The Rumpungwe River collects the waters of the northern part of the Moso depression, while the Malagarasi River collects the waters of the southern part.

===Buragane natural region===
The Buragane natural region is similar to Moso,
It is hot, and there is always the threat of drought.
The region covers the central part of Makamba Province and extends into the southwest of Rutana Province.
As of 2014 the Bugarane natural region had about 22,244 agricultural households, or 1.4% of agricultural households in Burundi.
Buragane region has about 145,149 people in agricultural households, or 1.7% of Burundi's agricultural population.

===Bugesera natural region===
Bugasera (Région naturelle du Bugesera) is a vast batholith, a depression of granite rocks.
It suffers from periodic drought.
The region covers most of Kirundo Province and the north part of Muyinga Province.
The central plateau has an altitude of 1500 to 2000 m, and the north is lower, with an average altitude of 1300 m.

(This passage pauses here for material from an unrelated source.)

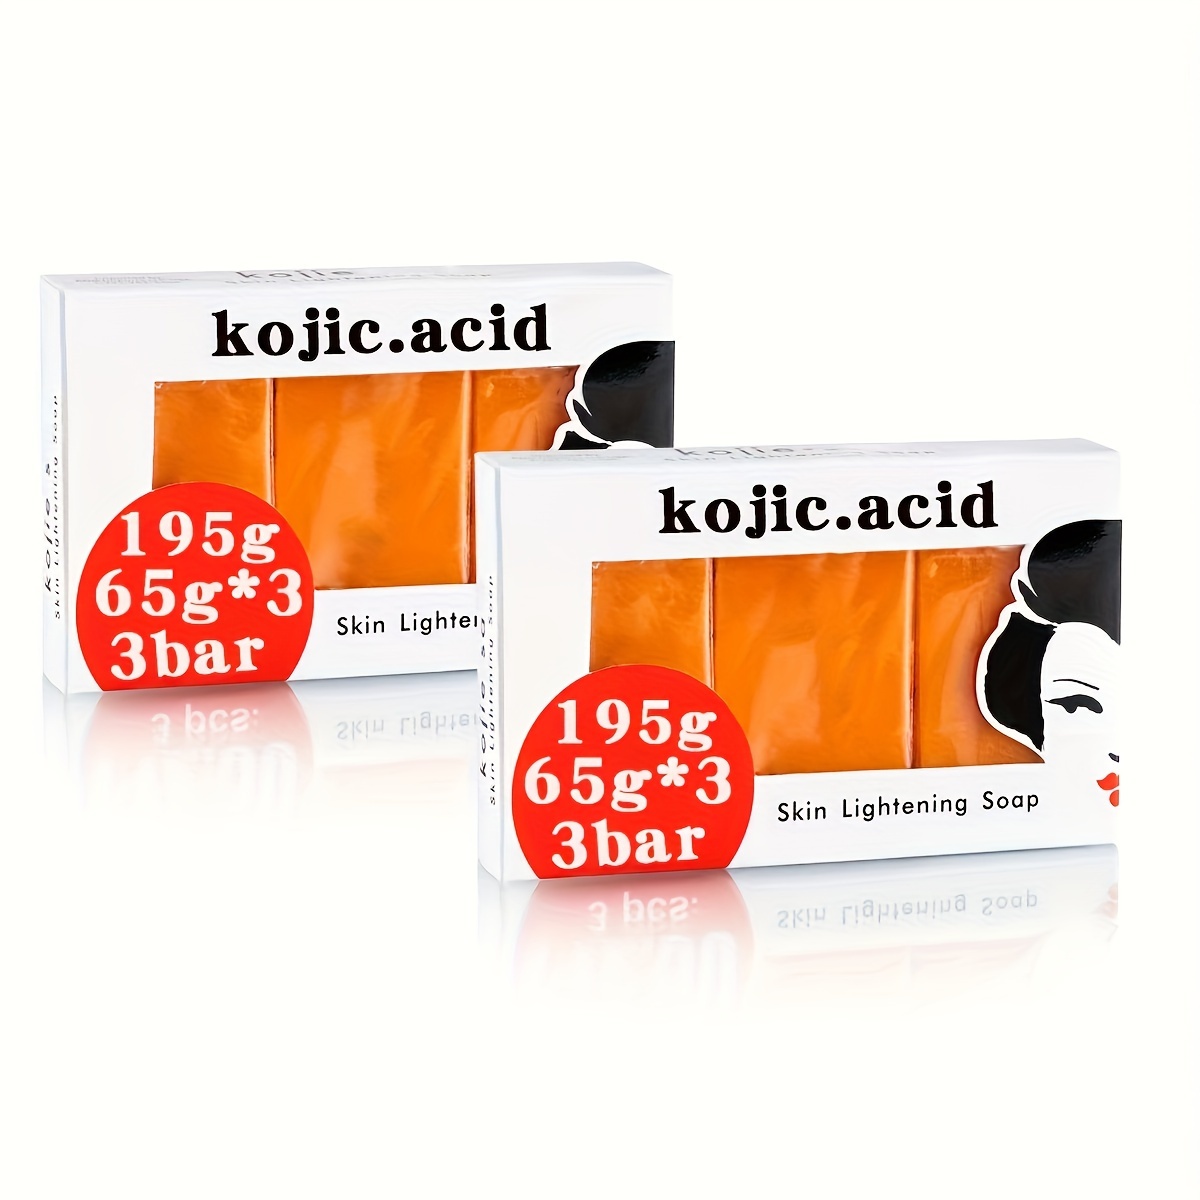 

Kojic Acid Skin Lightening Soap 195g, 3 Bar Pack – Moisturizing Cream Formula, Alcohol-free, With Centella Asiatica For Improved Skin Texture & Tone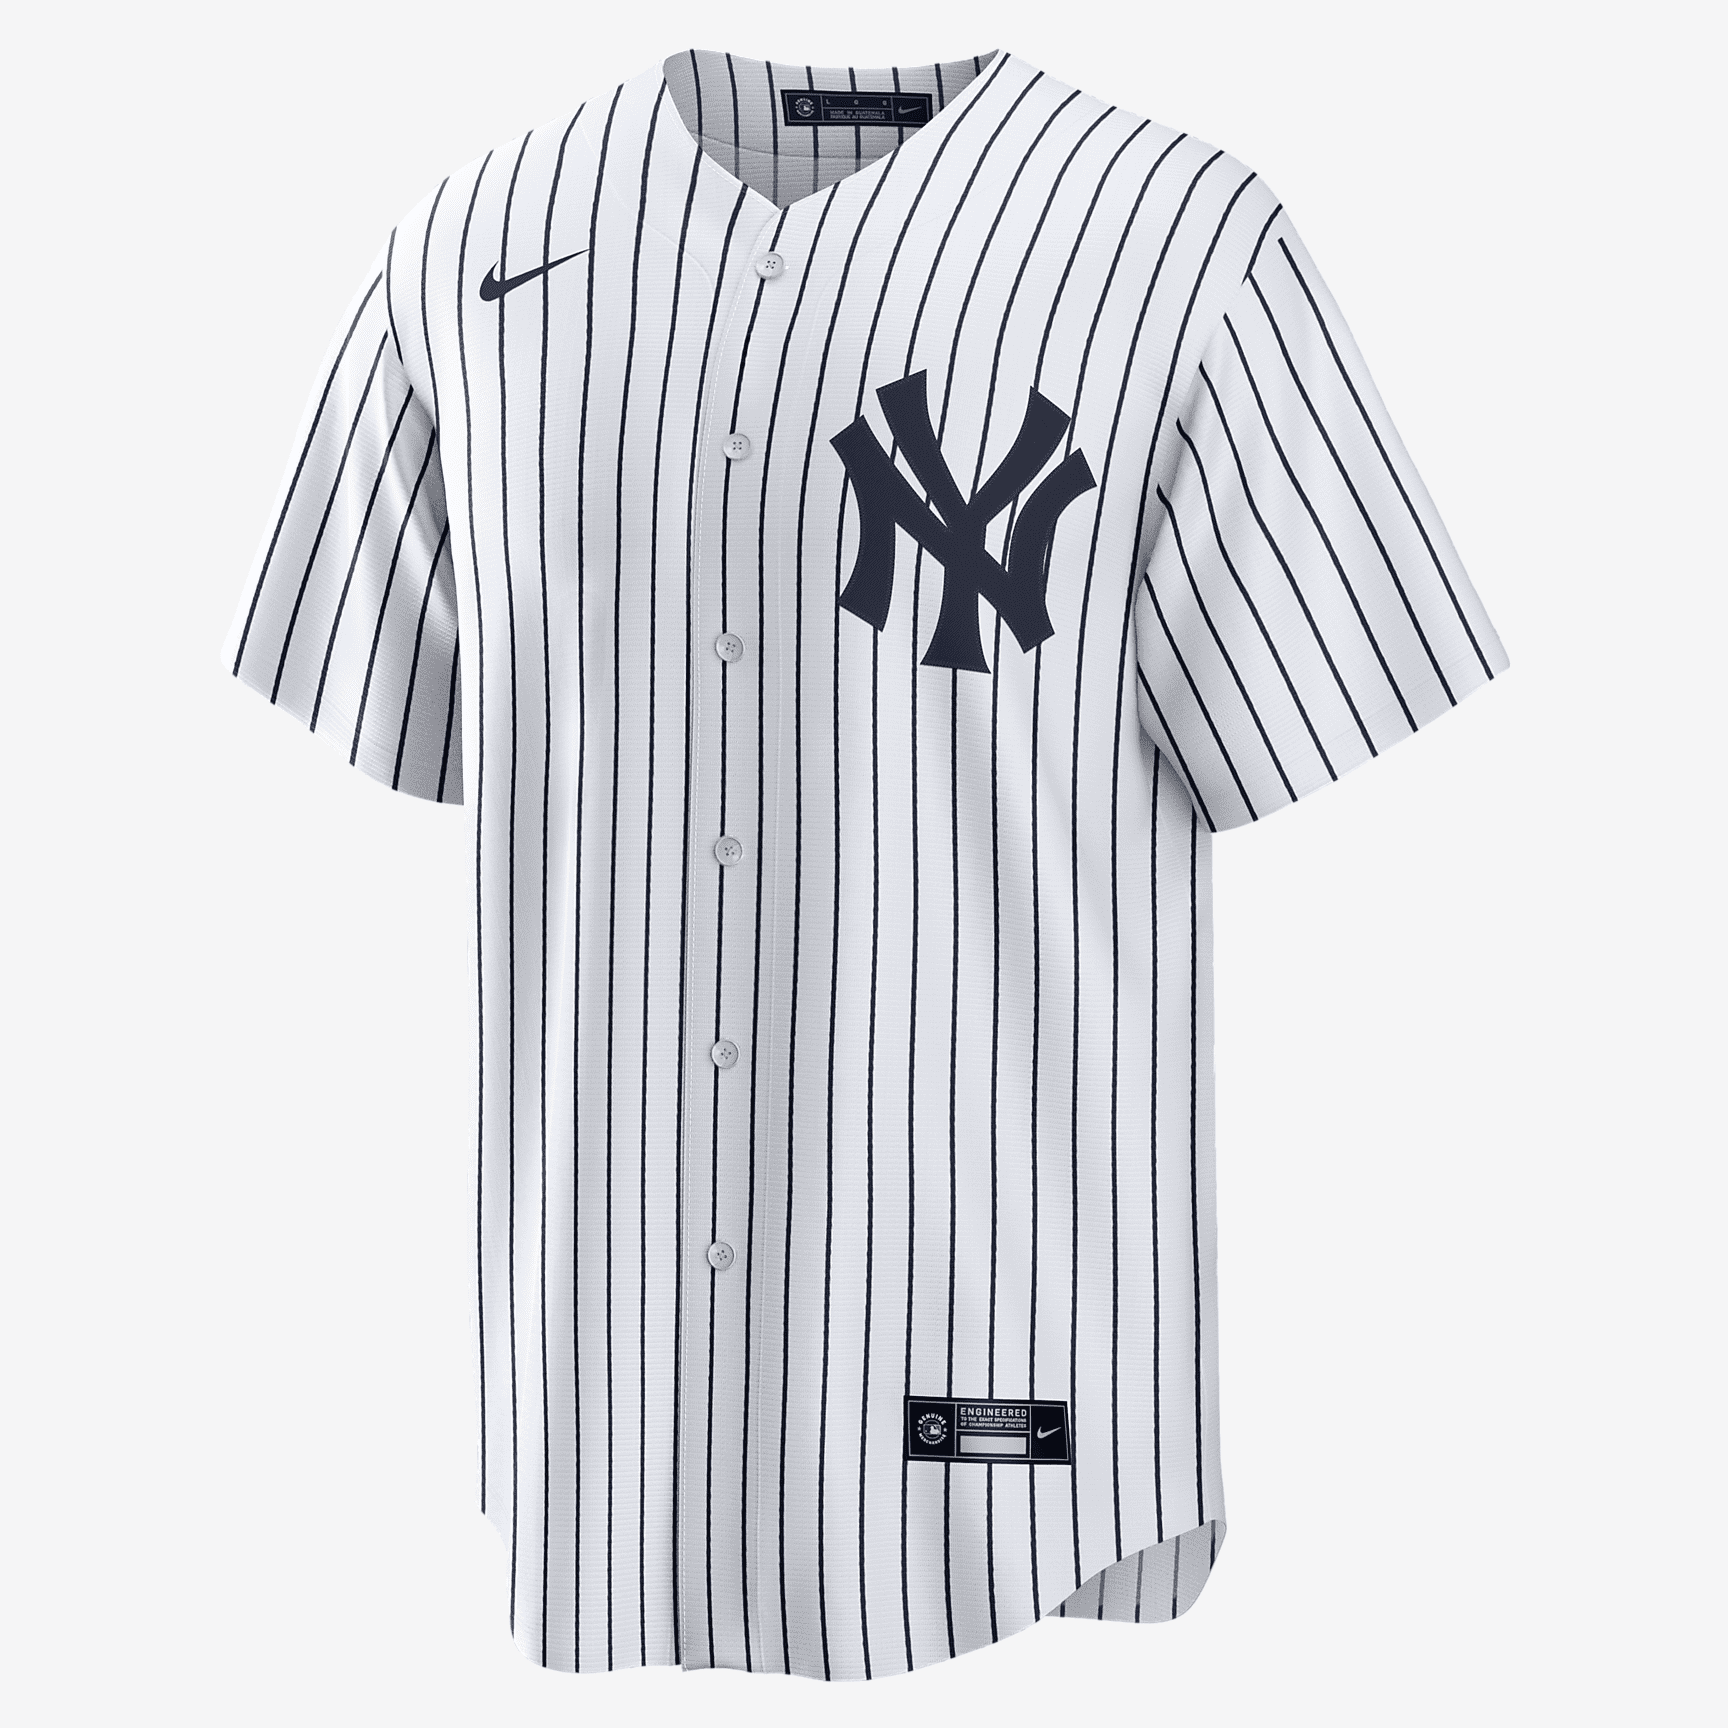 MLB New York Yankees (Josh Donaldson) Men's Replica Baseball Jersey.

The Bugesera region is part of the Kirundo district, a depression in the inter-lacustrine zone of East Africa that extends across northeastern Burundi and southeastern Rwanda.
It is bounded to the west by the Akanyaru River valley. To the north, east and south it is bounded by dissected plateaus that rise above it.
The depression contains large valleys holding Holocene sediments, swamps and shallow lakes.